Se levantó Jonás y se fue a Nínive, como le había mandado el Señor. Nínive era una ciudad enorme: hacían falta tres días para recorrerla. Jonás caminó por la ciudad durante un día, pregonando: “Dentro de cuarenta días Nínive será destruida”.
Los ninivitas creyeron en Dios, ordenaron un ayuno y se vistieron de sayal, grandes y pequeños. Cuando Dios vio sus obras y cómo se convertían de su mala vida, cambió de parecer y no les mandó el castigo que había determinado imponerles.

Palabra de Dios.
Te alabamos, Señor.

Salmo Responsorial Salmo 24

Descúbrenos, Señor, tus caminos.

Descúbrenos, Señor, tus caminos,
guíanos con la verdad de tu doctrina.
Tú eres nuestro Dios y salvador
y tenemos en ti nuestra esperanza.


Descúbrenos, Señor, tus caminos.

Acuérdate, Señor, que son eternos
tu amor y tu ternura.
Según ese amor y esa ternura,
acuérdate de nosotros.


Descúbrenos, Señor, tus caminos.

Porque el Señor es recto y bondadoso,
indica a los pecadores el sendero,
guía por la senda recta a los humildes
y descubre a los pobres sus caminos.


Descúbrenos, Señor, tus caminos.

Segunda Lectura
Lectura de la primera carta del apóstol san Pablo a los Corintios (7, 29-31)
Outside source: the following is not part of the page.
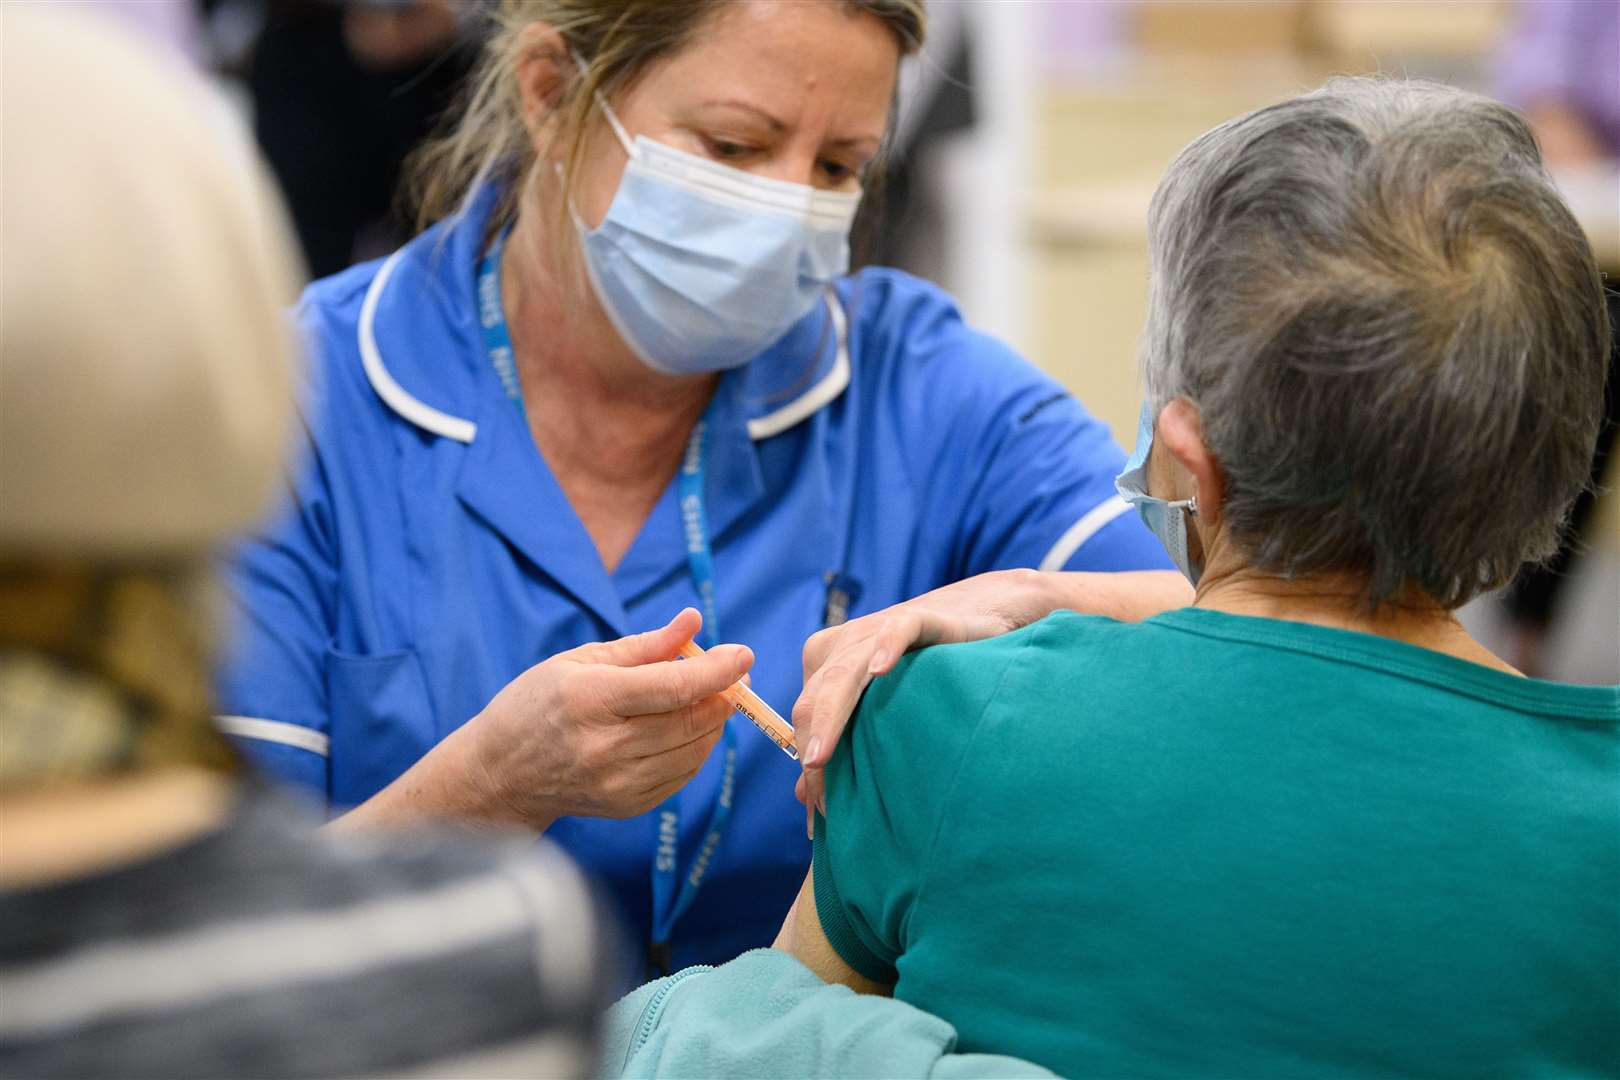 A member of a medical team administers a Covid-19 vaccine injection (PA)

Hermanos: Les quiero decir una cosa: la vida es corta. Por tanto, conviene que los casados vivan como si no lo estuvieran; los que sufren, como si no sufrieran; los que están alegres, como si no se alegraran; los que compran, como si no compraran; los que disfrutan del mundo, como si no disfrutaran de él; porque este mundo que vemos es pasajero

Palabra de Dios.
Te alabamos, Señor.

Aclamación antes del Evangelio

Aleluya, aleluya.
El Reino de Dios está cerca, dice el Señor; arrepiéntanse y crean en el Evangelio.
Aleluya

Evangelio †
Lectura del santo Evangelio según san Marcos (1, 14-20)

Gloria a ti, Señor.

Después de que arrestaron a Juan el Bautista, Jesús se fue a Galilea para predicar el Evangelio de Dios y decía: “Se ha cumplido el tiempo y el Reino de Dios ya está cerca. Arrepiéntanse y crean en el Evangelio”.
Caminaba Jesús por la orilla del lago de Galilea, cuando vio a Simón y a su hermano, Andrés, echando las redes en el lago, pues eran pescadores. Jesús les dijo: “Síganme y haré de ustedes pescadores de hombres”. Inmediatamente dejaron las redes y lo siguieron.
Un poco más adelante, vio a Santiago y a Juan, hijos de Zebedeo, que estaban en una barca, remendando sus redes. Los llamó, y ellos, dejando en la barca a su padre con los trabajadores, se fueron con Jesús.

Palabra del Señor.
Gloria a ti, Señor Jesús.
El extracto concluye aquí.